Mini-o3 - Bytes, HKU Joint Open Source Visual Reasoning Model

Latest AI Resources6mos agorelease AI Sharing Circle

33.2K 00

What is Mini-o3

Mini-o3 is an open source model jointly launched by ByteDance and the University of Hong Kong, focusing on solving complex visual search problems. The model has a powerful multi-round interactive reasoning capability to locate targets through deep exploration and trial-and-error. In high-resolution images, Mini-o3 can accurately recognize targets even if they are tiny and have many distractions.
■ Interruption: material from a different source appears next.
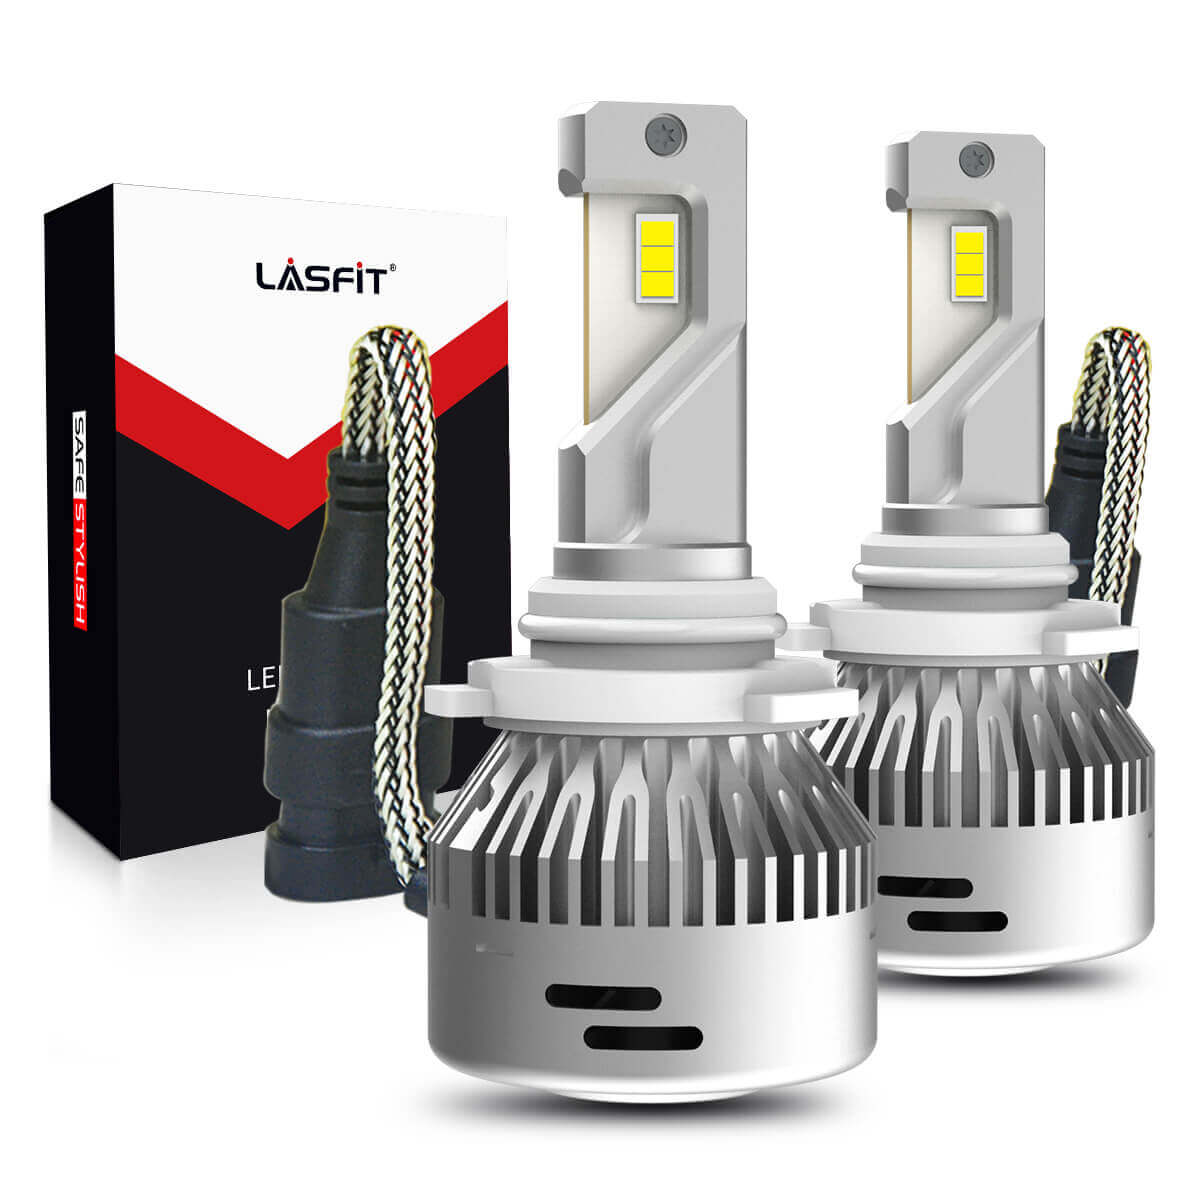 Lasfit 9005 HB3 LED Headlight Bulbs Amplified Flux Beam, Internal Driver  60W 6000LM 6000K,2 Bulbs

The model performs well in multiple visual search benchmarks and demonstrates excellent visual reasoning capabilities. all code, models and datasets of Mini-o3 have been open-sourced to facilitate reproduction and further research, and provide strong support for the development of the visual search field.

Features of Mini-o3

Multi-round interactive reasoning: Mini-o3 is capable of deep multi-round inference, solving complex visual search problems through step-by-step exploration and trial-and-error, and the number of interaction rounds can be scaled up to dozens of rounds, capable of handling complex visual tasks.
Diversified Reasoning Model: The model supports multiple inference modes, including depth-first search, trial-and-error, and goal maintenance, etc., and flexibly adapts inference strategies to different problems.
High Resolution Image Processing: In high-resolution images, the model can accurately localize and identify the target even if the target is small and there are a large number of interfering objects, demonstrating a strong visual search capability.
superior performance: Mini-o3 achieves state-of-the-art results in several visual search benchmarks, such as excelling on VisualProbe, V* Bench, HR-Bench, MME-Realworld and other datasets.
open source: All codes, models and datasets of Mini-o3 have been open-sourced to facilitate reproduction and further research by researchers and to advance related technologies.

Mini-o3's core strengths

Powerful reasoning: Mini-o3 is equipped with in-depth multi-round reasoning capability, which can solve complex visual search problems through step-by-step exploration and trial-and-error, and can accurately localize and identify targets in high-resolution images with smaller targets and more interference.
Flexible reasoning strategies: It supports a variety of reasoning modes, such as depth-first search, trial-and-error, and goal maintenance, which can flexibly adjust the reasoning strategy according to different scenarios and improve the efficiency and accuracy of problem solving.
Open Source and Scalability: All code, models, and datasets of Mini-o3 have been open-sourced for easy reproduction and further study by researchers.
Innovative datasets and training methods: By constructing challenging visual search datasets (e.g., Visual Probe Dataset) and employing innovative training methods such as cold-start supervised fine-tuning (SFT) and reinforcement learning (RL), Mini-o3 is able to better learn complex inference patterns and improve the model's generalization ability.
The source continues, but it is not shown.